From: Steve French <smfrench@gmail.com>
To: Murphy Zhou <jencce.kernel@gmail.com>
Cc: CIFS <linux-cifs@vger.kernel.org>,
ronnie sahlberg <ronniesahlberg@gmail.com>,
Pavel Shilovsky <piastryyy@gmail.com>
Subject: Re: [5.1-rc1 CIFS regression] detected buffer overflow in strcat in smb21_set_oplock_level (xfstests generic/446)
Date: Mon, 18 Mar 2019 14:39:30 -0500 [thread overview]
Message-ID: <CAH2r5mv01St0qCDXqe2EN2eRt5h=EvcEnn4zcEb2QobA7bWcRw@mail.gmail.com> (raw)
In-Reply-To: <CADJHv_sGr3Oz7zTW5KQMgg93+Fgkaw1NVrEMEKmnCTCcHPHveg@mail.gmail.com>
Thanks for the update - it will be very helpful if we can make sure
that when something like this is found that we add a simple (hopefully
a test that adds less than 1 minute to execution time) xfstest or
script that we can add to tests/cifs in xfstests that will ensure that
we never regress that scenario in the future.
We are trying to add more and more tests to the 'buildbot'
(http://smb3-test-rhel-75.southcentralus.cloudapp.azure.com) to
continue to improve automated functional test verification for cifs.ko
(it has already been an enormous help just in the last few months)
On Mon, Mar 18, 2019 at 1:21 AM Murphy Zhou <jencce.kernel@gmail.com> wrote:
>
> Hi,
>
> My mail account got stuck for a few days and I missed you guys' reply
> about generic/013 hang.
>
> The commits Ronnie mentioned have been merged into Linus tress, and
> tests passed. Thanks!
>
> The commit Pavel talked about is not merged yet.

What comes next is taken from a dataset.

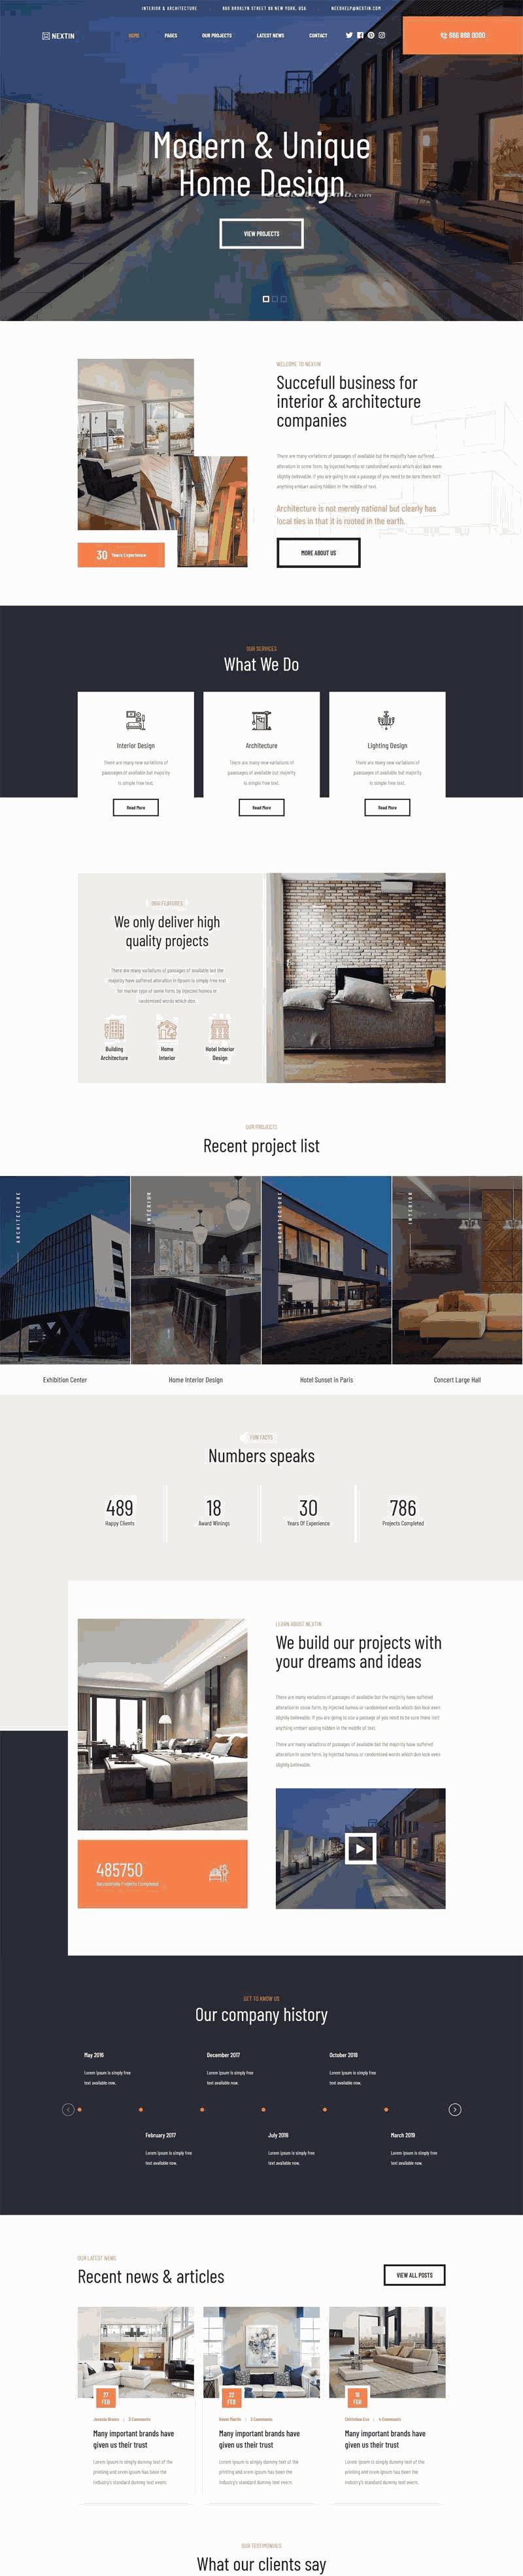 建筑室内设计公司网站自适应Wordpress模板（带手机版）效果图

I'll test after it
> hit Linus tree or any -for-next branch.
>
> The setup I'm using is:
> ----------------------------------------------
> # cat /etc/samba/smb.conf
> [test]
> path = /export/cifstest
> writeable = yes
> [scratch]
> path = /export/cifsscratch
> writeable = yes
> # cat xfstests-dev/local.config
> TEST_DEV=//localhost/test
> TEST_DIR=/cifsmnt
> SCRATCH_DEV=//localhost/scratch
> SCRATCH_MNT=/cifssch
> FSTYP=cifs
> MOUNT_OPTIONS="-o vers=3.0,username=root,password=redhat,sfu,mfsymlinks"

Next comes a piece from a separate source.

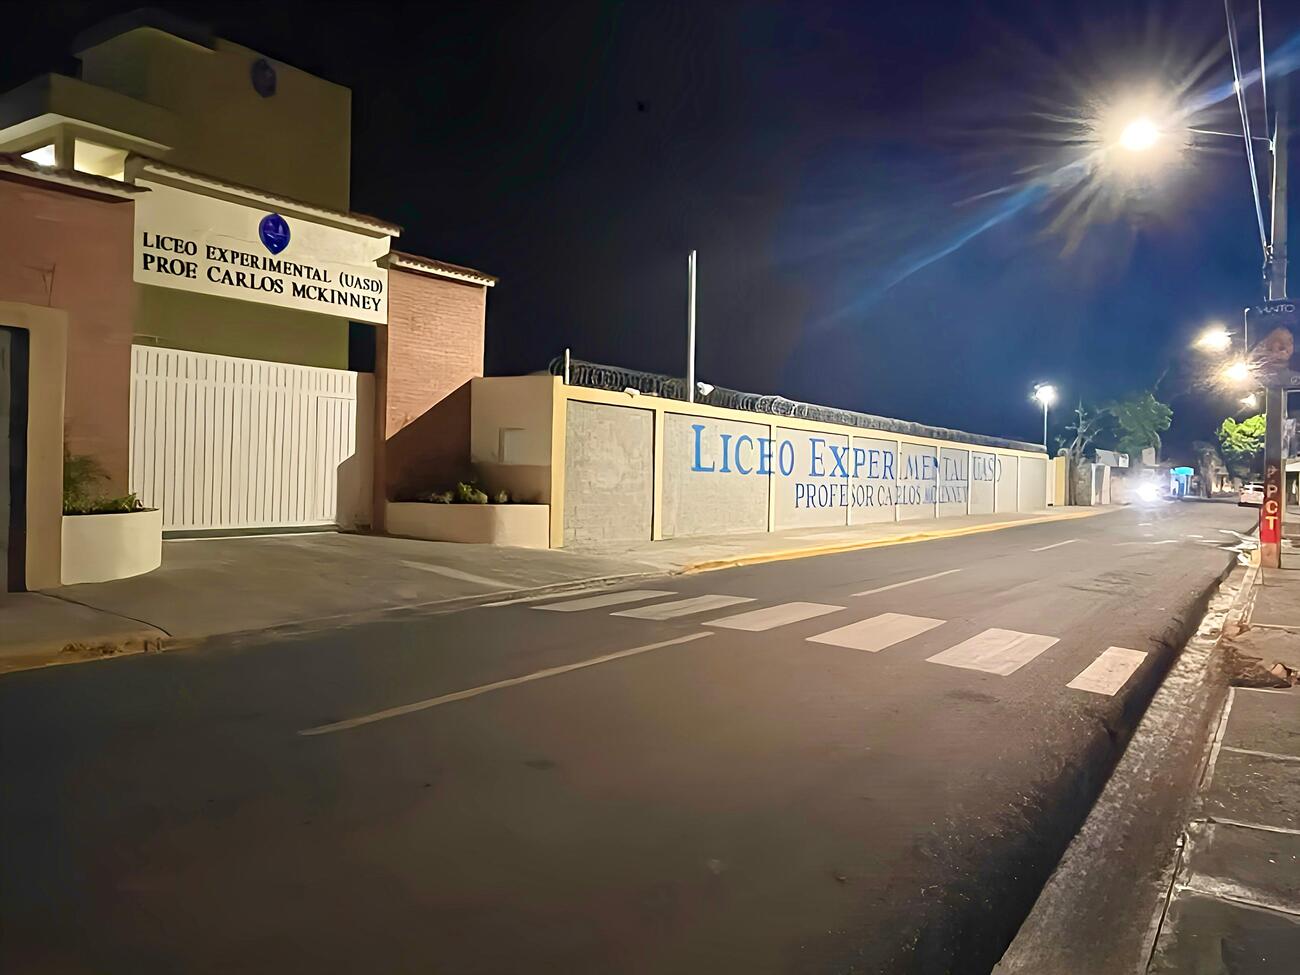 REPÚBLICA DOMINICANA: Edesur ilumina calles periféricas del nuevo liceo experimental de la UASD, en Baní

> TEST_FS_MOUNT_OPTS="-o vers=3.0,username=root,password=redhat,sfu,mfsymlinks"
> MKFS_OPTIONS=""
> --------------------------------------------------------
>
>
> Now with kernel updated to 5.1-rc1, generic/446 starts to panic. It's
> easy to reproduce. I'm going to bisect this issue, just sending this
> email to give you guys a update and heads up. :)
>
> [ 4991.913298] detected buffer overflow in strcat
> [ 4991.918273] ------------[ cut here ]------------
> [ 4991.923422] kernel BUG at lib/string.c:1053!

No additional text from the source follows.